As for living happily ever after, well “ever”, in Hannah’s case, was very short-lived. Timothy died of consumption on 21 December 1861, something he’d been diagnosed with for twelve months. Was Hannah aware of this when she married him? And, more importantly, was this it? Married and widowed within a year. Hannah moved back to live with her parents.
Hannah may have taken more than a new surname from this first marriage. The Lowcocks appeared to be staunch Wesleyan Methodists. Timothy, his parents, his sister Hannah and her son William and his wife and child are all memorialised on one stone in the Addingham Methodist Church cemetery. Neither the Demaines nor the Coopers appeared to have Methodist associations, yet Hannah’s second marriage took place in Otley’s Wesleyan chapel. I can only think that she adopted the Lowcock family’s religion.
Moving back in with her parents was also to positively shape the second half of Hannah’s life. For Joseph was to switch farms for one in Askwith. Hannah moved not into the tiny terrace in Otley, but onto a 50-acre farm in Askwith.
It was in Askwith that Hannah met “the older man,” John Cooper.
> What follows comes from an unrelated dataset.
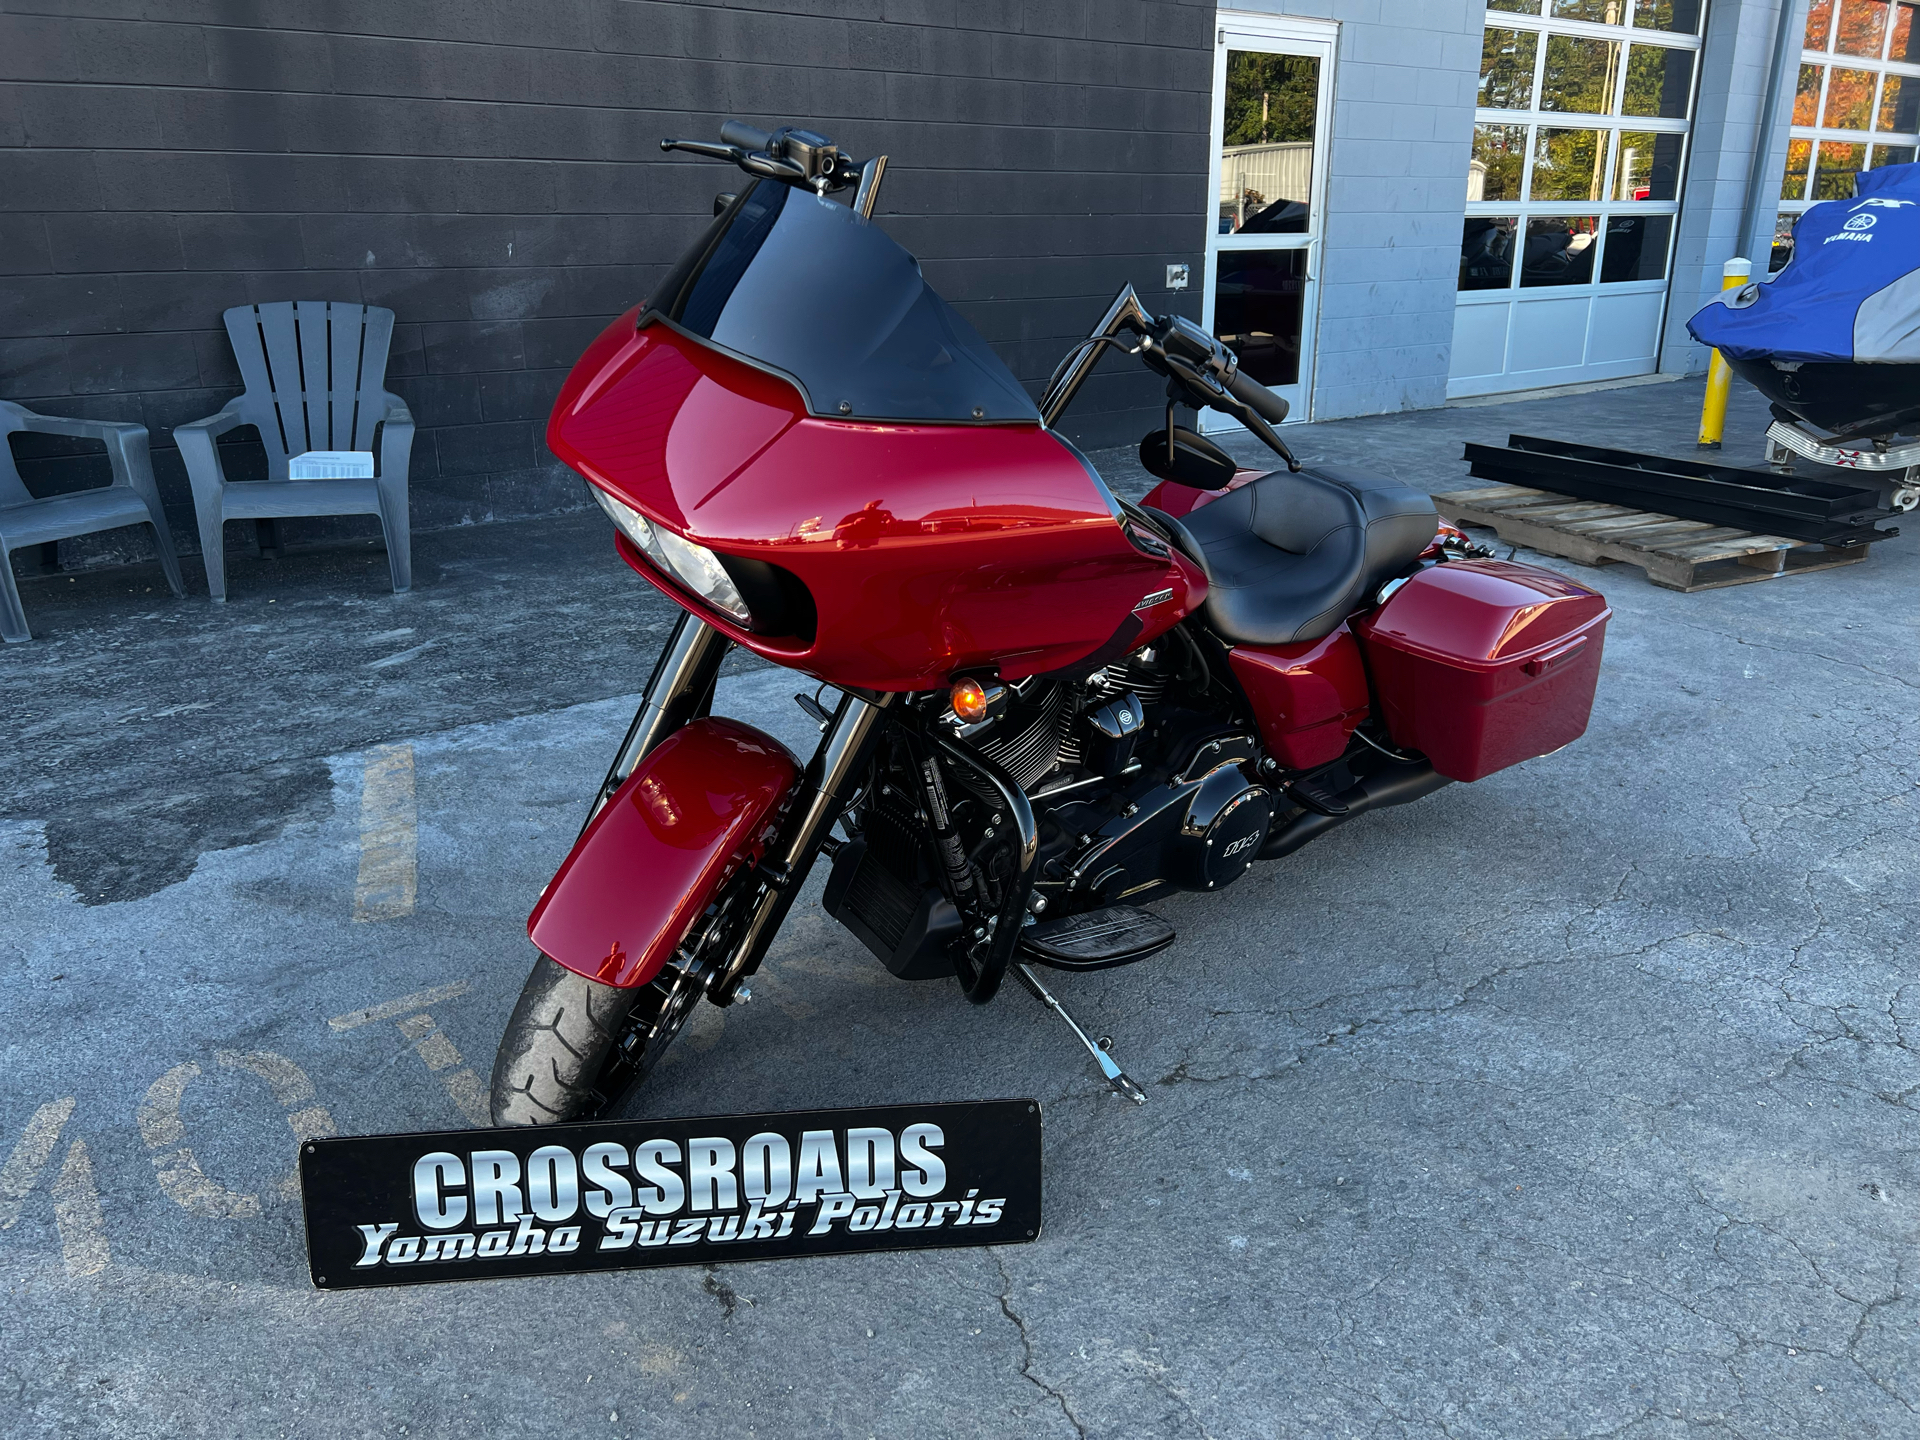 2020 Harley-Davidson Road Glide® Special in Albemarle, North Carolina - Photo 1

John was born in Farnley in 1820. His father, Francis, was variously described as a joiner, carpenter and then gamekeeper. Francis & his wife, Sarah (Stubbs) had at least ten children and the dangers of childbirth should have meant Sarah was the first to die. But, no, it was Francis who died at the relatively young age of 39 in 1825, leaving Sarah with a young family to support. Sarah must have had some fun for a half-sibling, Harriet, appeared on the scene in 1828. Henry (the eldest son) took care of his mother, but the rest of the family scattered to make their own way in the world. Thankfully for us, John’s sister Ann had married a farmer in Askwith which meant a place for John to work and was also where he met the young widow, Harriet.
On 2 August 1873, 36-year-old Hannah married 52-year-old John. Two children swiftly followed, Sarah (our ancestor) in 1875 and Mary Ann in 1876.
I really hope this marriage wasn’t all about the farm, but John undoubtably benefited from an elderly father-in-law with only a middle-aged unmarried son at home. After Joseph died, William & John continued to run the farm together until John died in June 1893 aged 72. Then, when daughter Sarah married Thomas Booth in 1895, he moved in too. Hannah continued to live with her daughter until 1914 when she died, aged 77, from “malignant disease of the stomach and exhaustion”. Hannah, my favourite ancestor, is buried at Weston Church.
With much gratitude to Nana for gifting me an intriguing line about her great grandmother and to Hannah herself for being one of my wonderful widow ancestors.